* _Exercise directions_
Copy out the data exactly as it appears, without a single image.

* _Provided data_

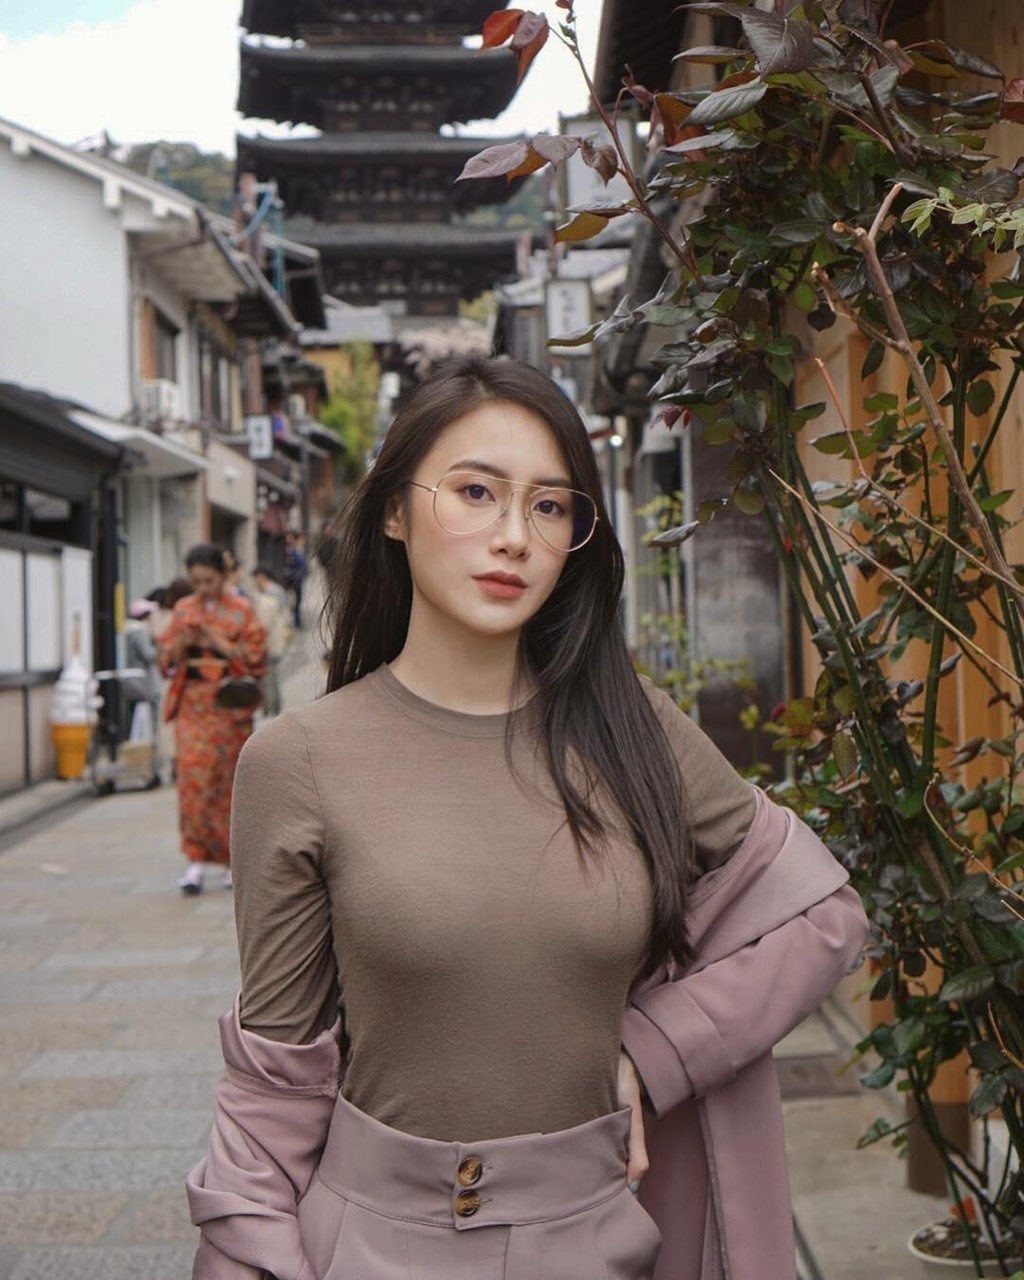 Ngam hinh check-in du lich sang chanh cua hot girl Lao goc Viet hinh anh 3
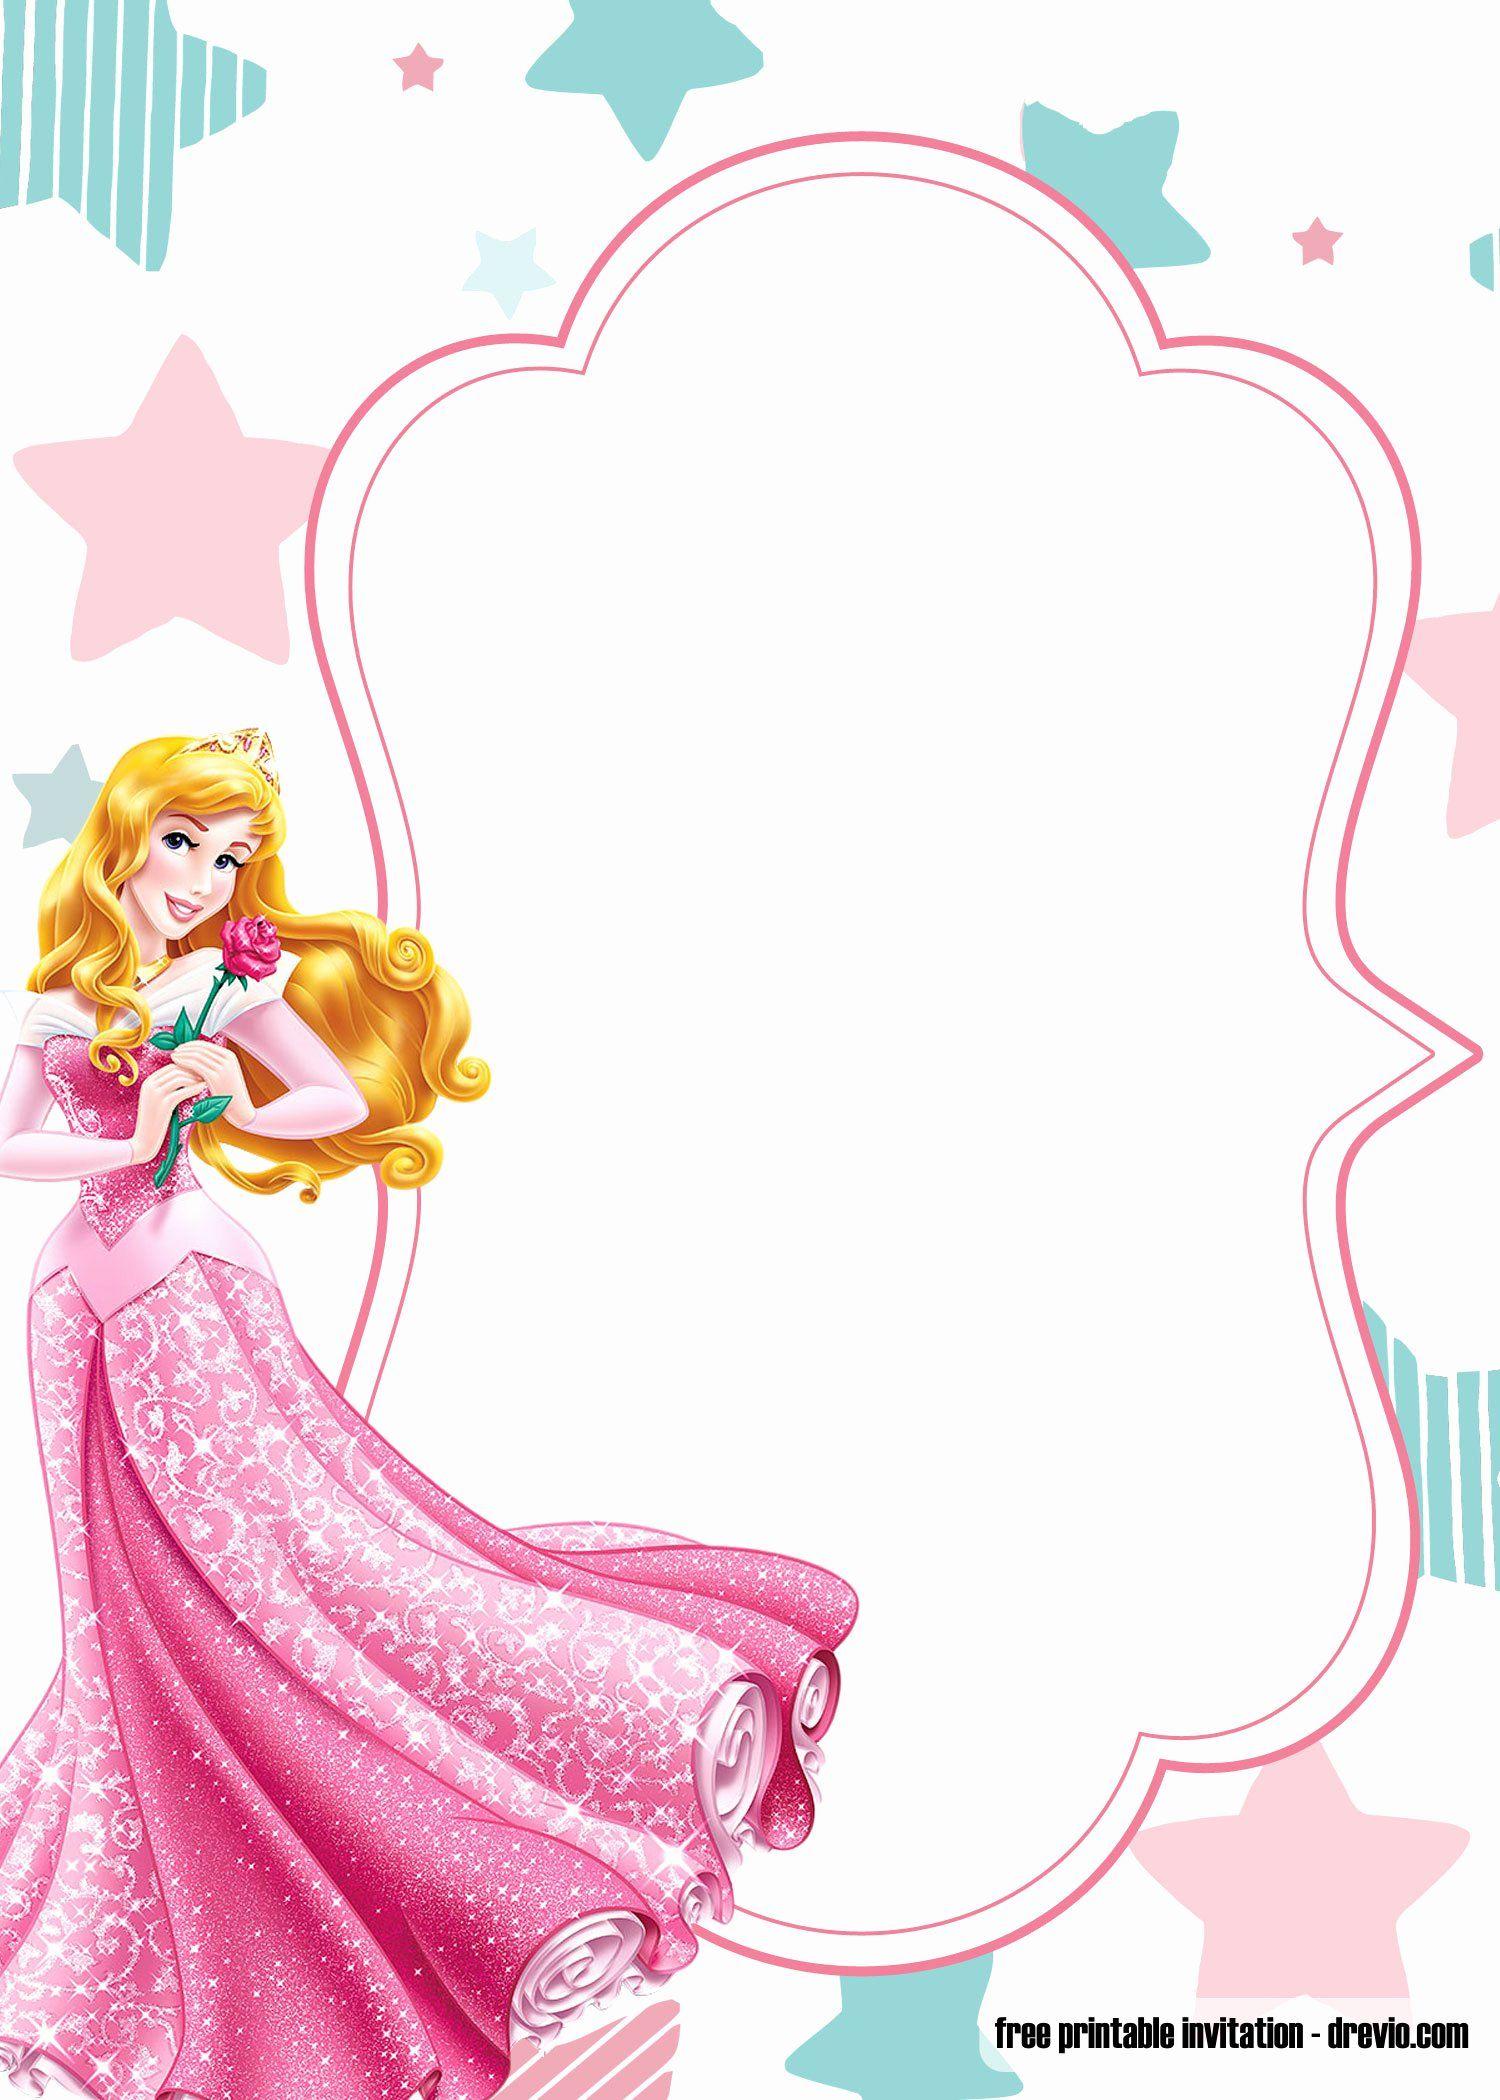 Disney Princess Invitation Template Fresh Free Printable Princess Birthday Invit Disney Princess Invitations Princess Birthday Invitations Princess Invitations
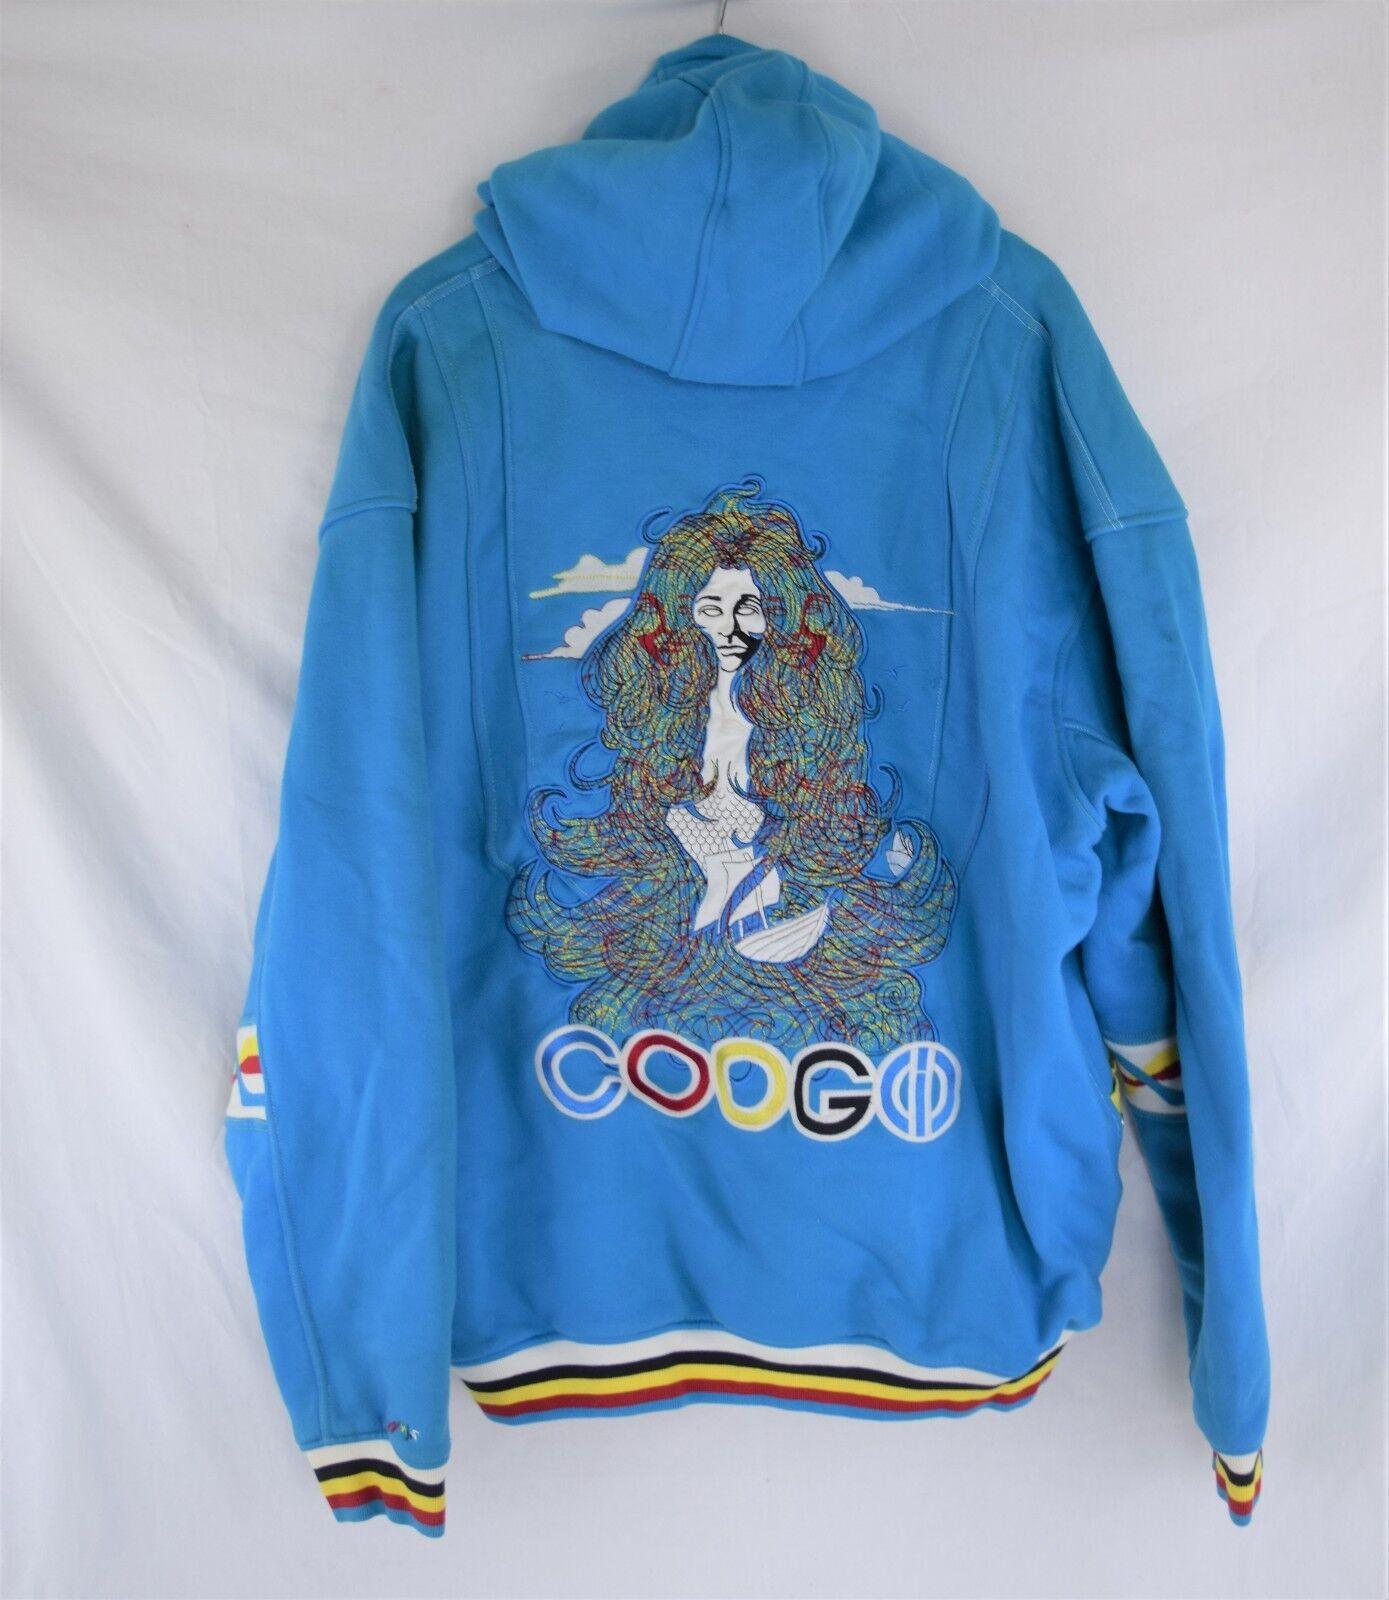 COOGI Hoodie Hooded Zip up Sweatshirt EmbroideROT Bright Teal Rare 4XL EUC

* _Solution to the exercise_
 Ngam hinh check-in du lich sang chanh cua hot girl Lao goc Viet hinh anh 3
 Disney Princess Invitation Template Fresh Free Printable Princess Birthday Invit Disney Princess Invitations Princess Birthday Invitations Princess Invitations
 COOGI Hoodie Hooded Zip up Sweatshirt EmbroideROT Bright Teal Rare 4XL EUC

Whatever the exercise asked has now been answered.